FACTS: In January 1991, real estate broker Marta K.Atanacio offered 2 lots located in Parañaque to the petitioners. On February 2, 1991, the petitioners met up with Elena Parulan at the site of the property and showed them the following documents:
(a.) Owner’s original copy of the TCT of the 2 lots; (b.) tax declarations; (c.) a copy of the special power of attorney dated January 7, 1991 executed by Dionisio authorizing Elena to sell the property. The petitioners paid P200,000.00 as earnest money for which Elena executed a handwritten Receipt of Earnest Money which stipulated that the peitioners would pay an additional payment of P130, 000.00 on February 4, 1991; P650,000.00 on or before February 15, 1991 and P700, 000.00 on March 31, 1991 once Elena turned over the property.
On February 4, 1991, the petitioners, accompanied by the broker, went to the Office of the Register of Deeds to verify the TCTs shown by Elena. There they discovered that one of the lots had been encumbered to Banco Filipino, but that the encumbrance had been cancelled due to the full payment of the obligation. They noticed that the loan was effected through and SPA executed by Dionisio in favor of Elena. The other lot on the other hand had an annotation of an existing mortgage in favor of Los Baños Rural Bank, with the same SPA with a court order authorizing Elena to mortgage the lot to secure the loan.
The petitioners and the broker next inquired about the mortgage and the court order at the Los Baños Rural Bank. There, they met with Atty. Zarate, related that the bank had asked for the court order because the lot involved was conjugal property.

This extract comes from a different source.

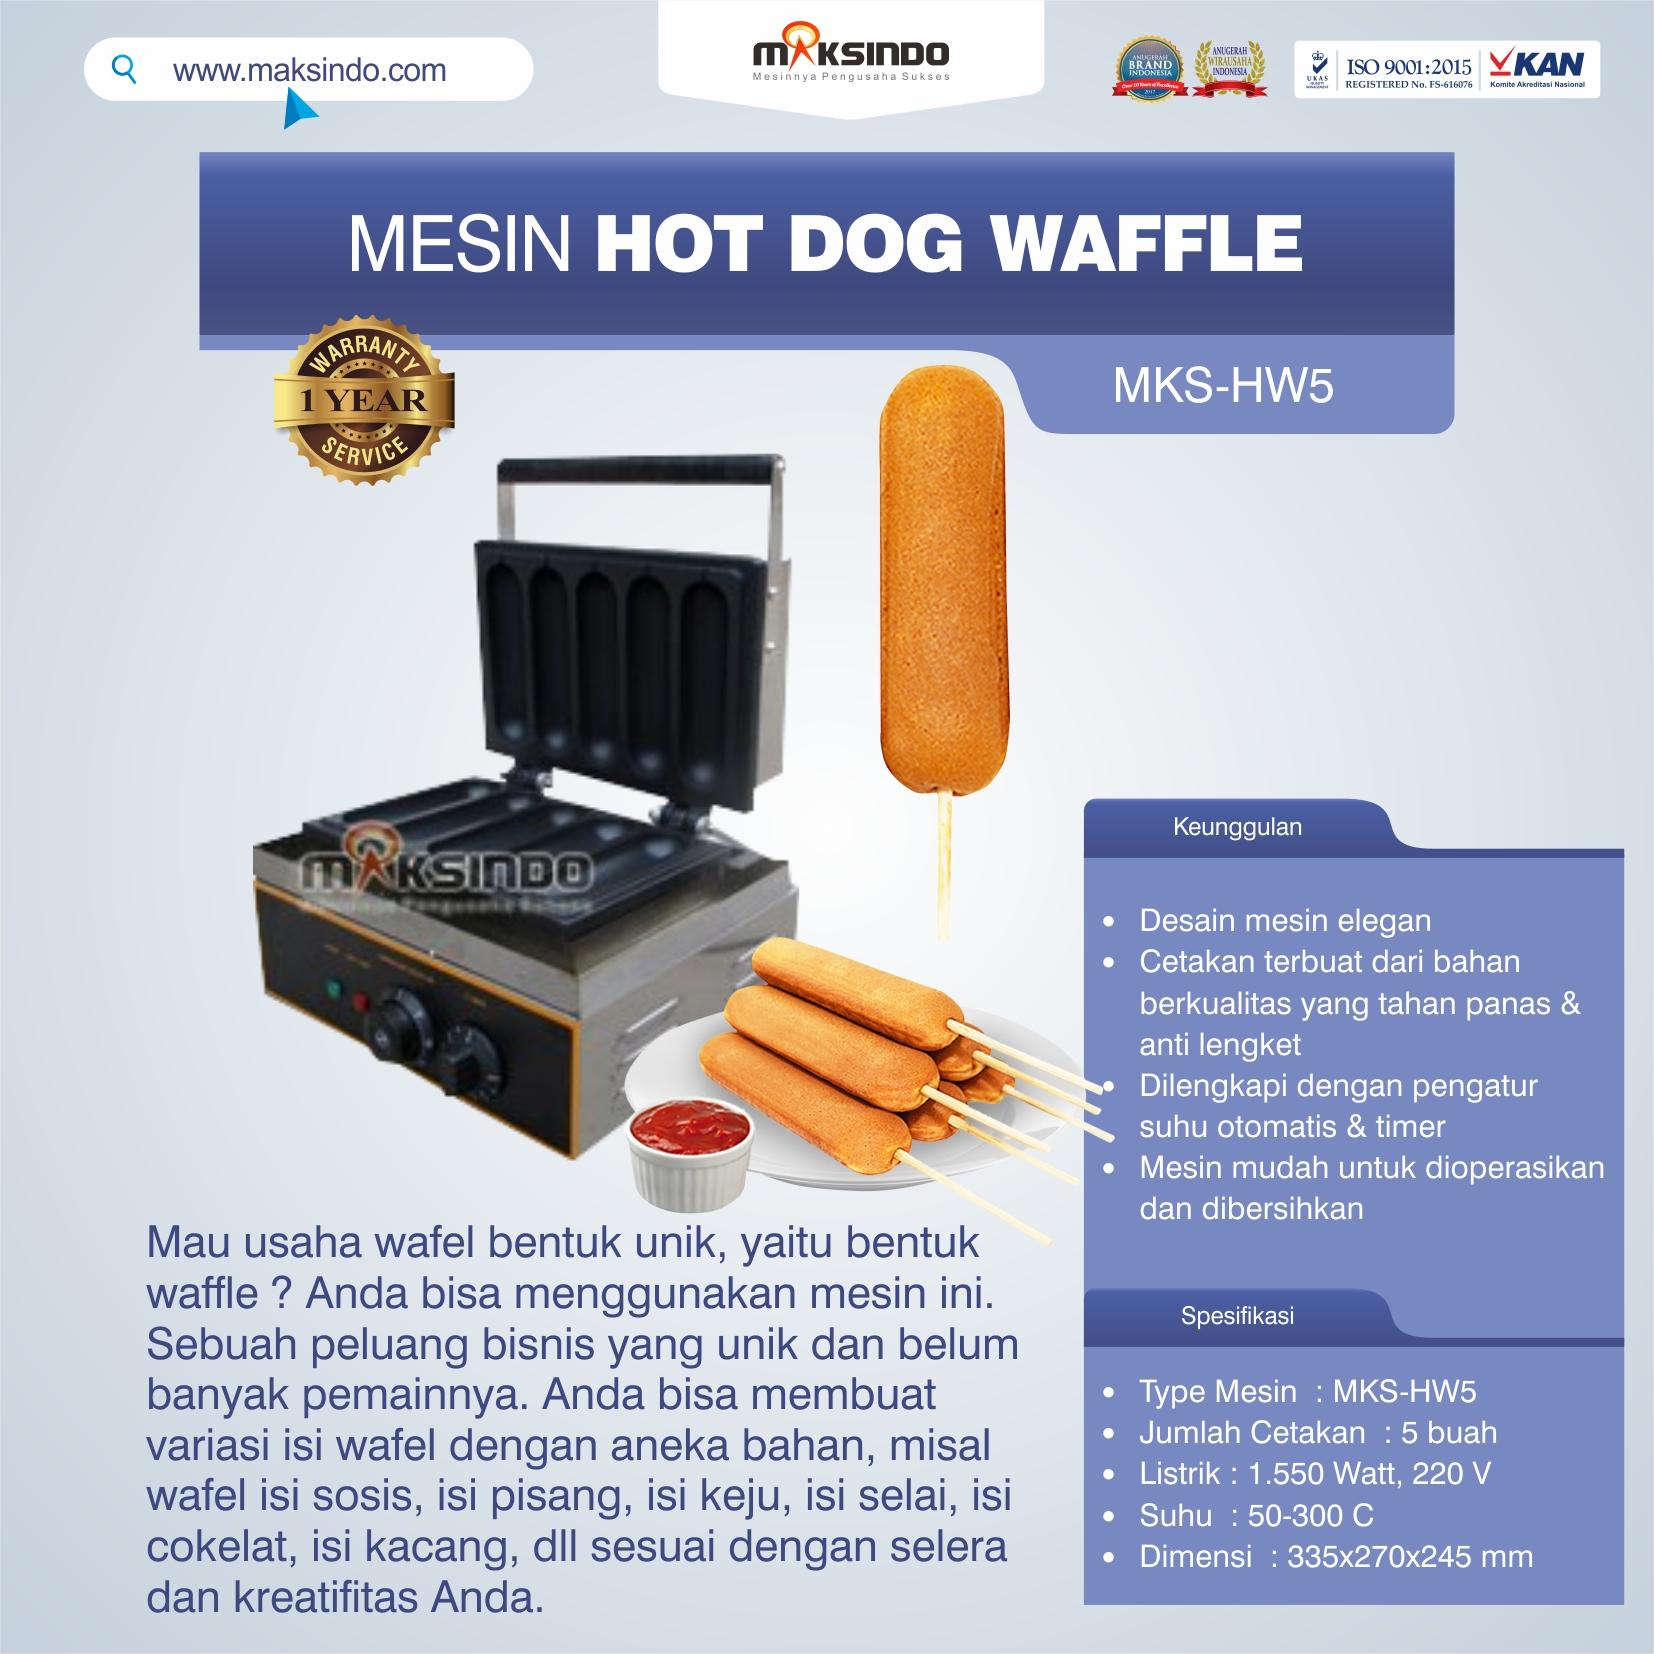 Jual Mesin Hot Dog Waffle MKS-HW5 di Yogyakarta

Following their verification, the petitioners delivered P130,000.00 as additional down payment on February 4, 1991; and P650,000.00 to the Los Baños Rural Bank on February 12, 1991, which then released the owner’s duplicate copy of TCT to them.
On March 18, 1991, the petitioners delivered the final amount of P700,000.00 to Elena, who executed a deed of absolute sale in their favor. However, Elena did not turn over the owner’s duplicate copy of the TCT claiming that said copy was in the possession of a relative who was then in Hongkong. She assured them that the owner’s duplicate copy of TCT would be turned over after a week.

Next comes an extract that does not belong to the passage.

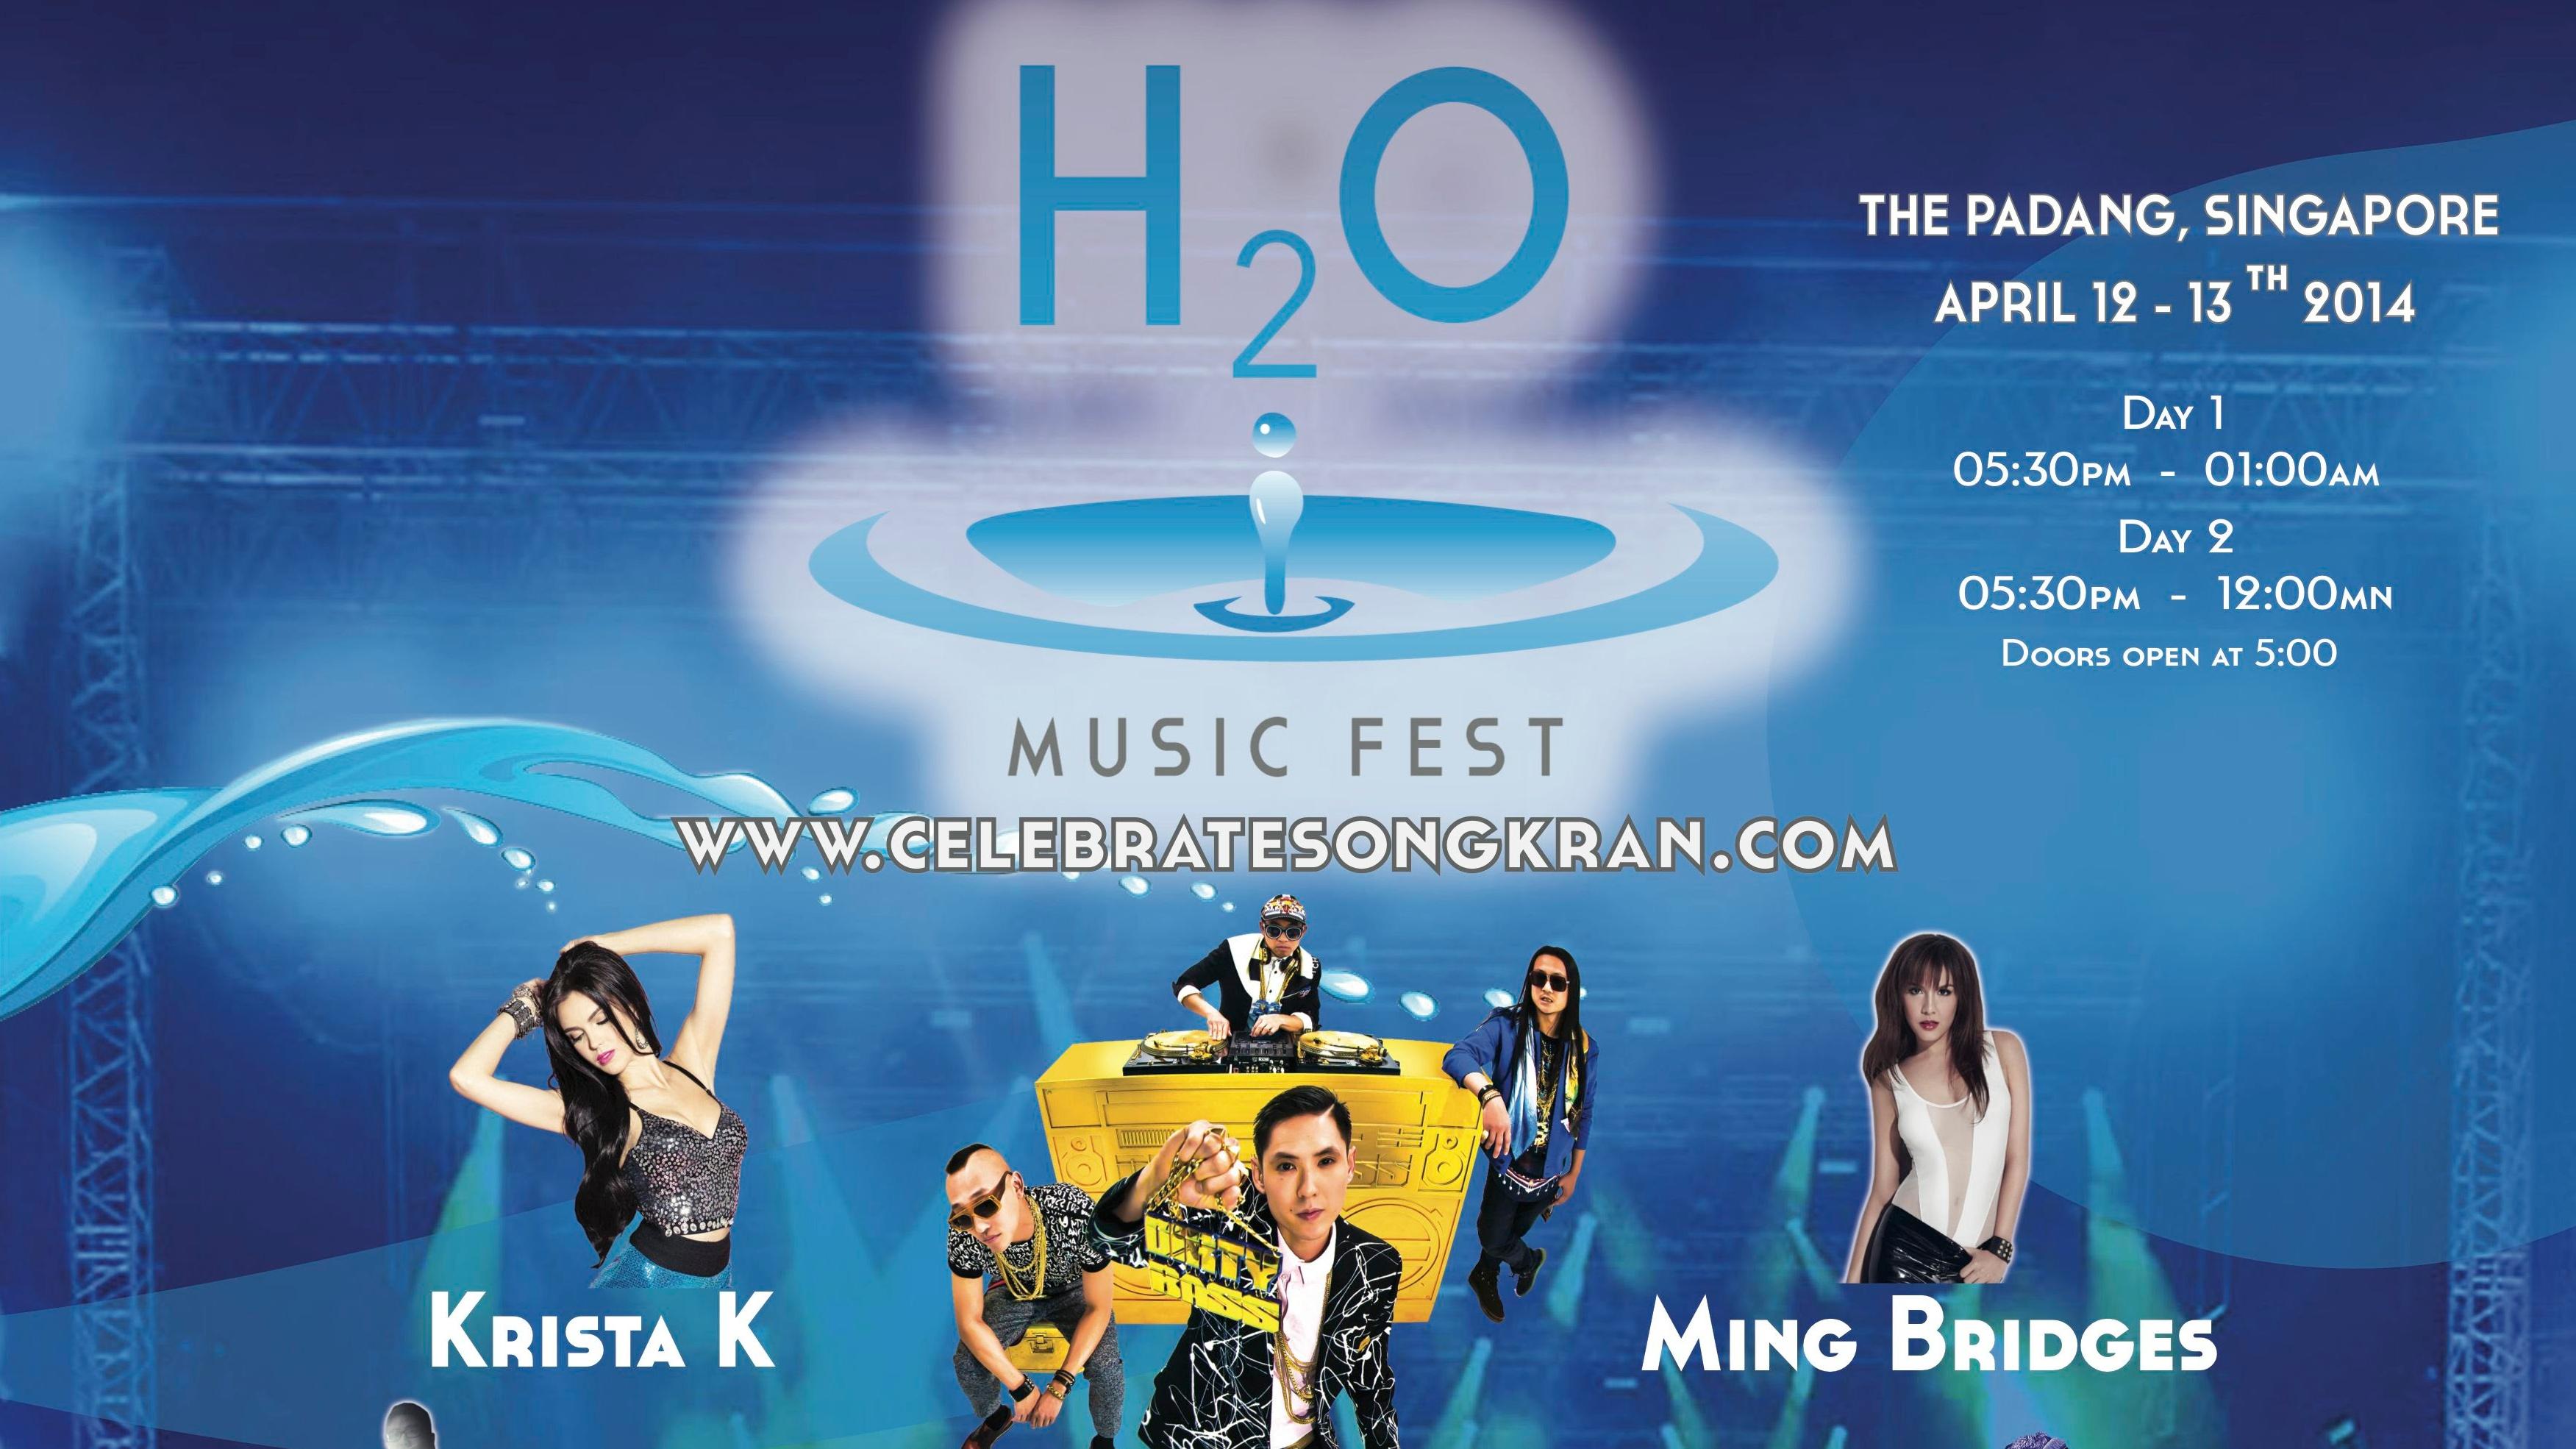 H20 Music Festival

On March 19, 1991, TCT was cancelled and a new one was issued in the name of the petitioners. Elena did not turn over the duplicate owner’s copy of TCT as promised. In due time, the petitioners learned that the duplicate owner’s copy of TCT had been all along in the custody of Atty. Jeremy Z. Parulan, who appeared to hold an SPA executed by his brother Dionisio authorizing him to sell both lots. At Atanacio’s instance, the petitioners met on March 25, 1991 with Atty. Parulan at the Manila Peninsula. They were accompanied by one Atty. Olandesca. They recalled that Atty. Parulan “smugly demanded P800,000.00” in exchange for the duplicate owner’s copy of TCT, because Atty. Parulan represented the current value of the property to be P1.5 million. As a counter-offer, however, they tendered P250,000.00, which Atty. Parulan declined, giving them only until April 5, 1991 to decide. Hearing nothing more from the petitioners, Atty. Parulan decided to call them on April 5, 1991, but they informed him that they had already fully paid to Elena.

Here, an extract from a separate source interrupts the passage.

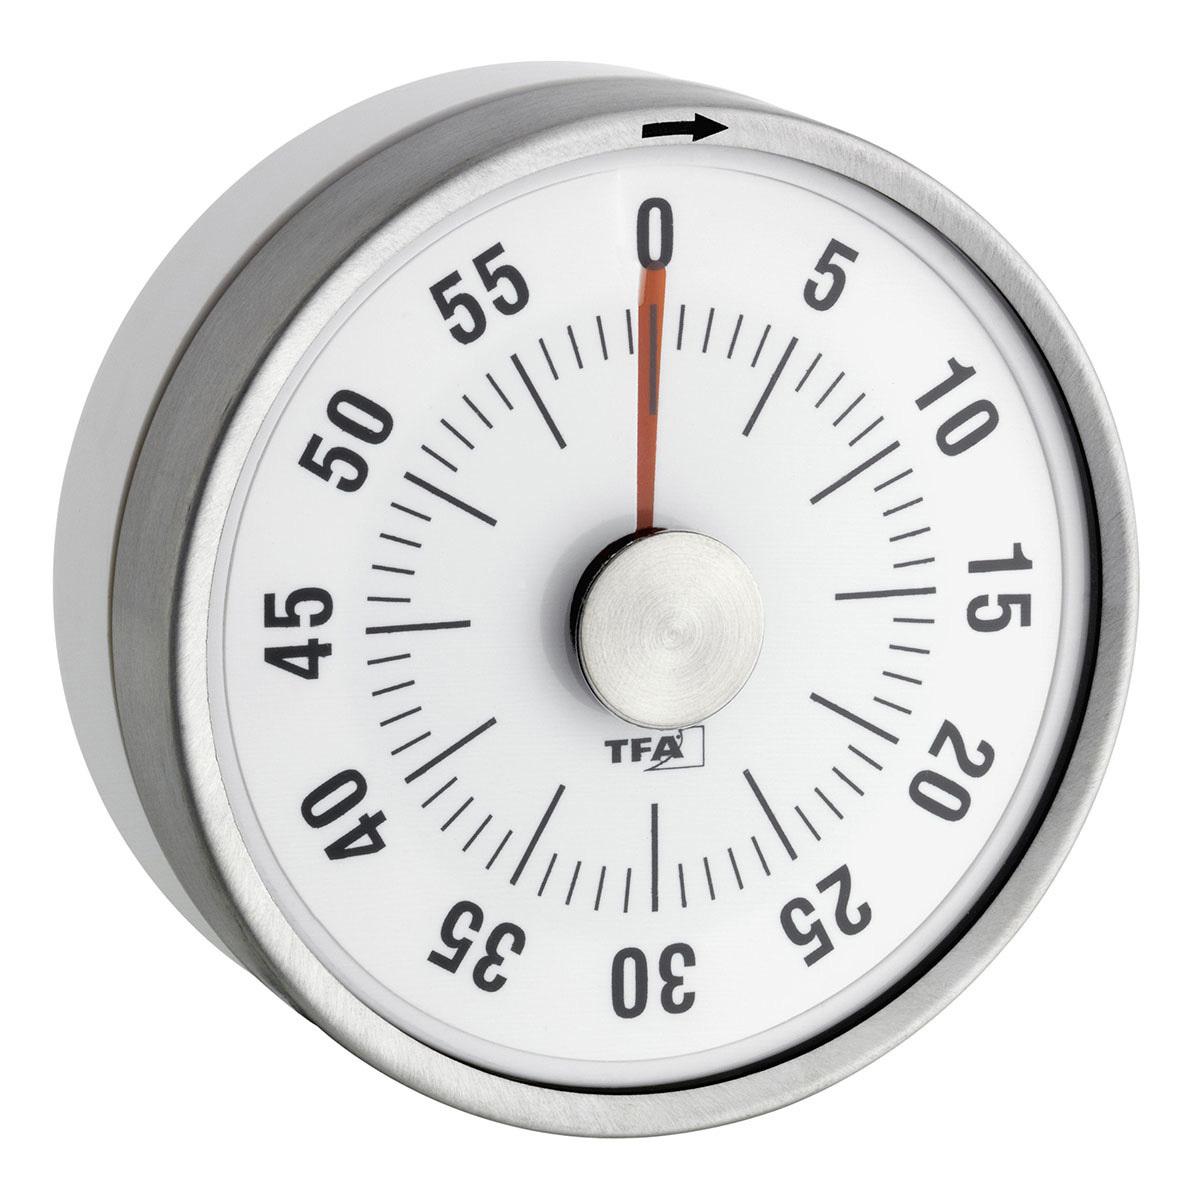 38-1028-02-küchen-timer-puck-1200x1200px.jpg

Thus, on April 15, 1991, Dionisio, through Atty. Parulan, commenced an action (Civil Case No. 91-1005 entitled Dionisio Z. Parulan, Jr., represented by Jeremy Z. Parulan, as attorney in fact, v. Ma. Elena Parulan, Sps. Rex and Coney Aggabao), praying for the declaration of the nullity of the deed of absolute sale executed by Ma. Elena, and the cancellation of the title issued to the petitioners by virtue thereof. In turn, the petitioners filed on July 12, 1991 their own action for specific performance with damages against the respondents. Both cases were consolidated for trial and judgment in the RTC.
On July 26, 2000, the Regional Trial Court (RTC), Branch 136, in Makati City annulled the deed of absolute sale executed in favor of the petitioners covering two parcels of registered land the respondents owned for want of the written consent of respondent husband Dionisio Parulan, Jr. The CA affirmed the RTC decision.
ISSUE: Which between Article 173 of the Civil Code and Article 124 of the Family Code should apply to the sale of the conjugal property executed without the consent of Dionisio?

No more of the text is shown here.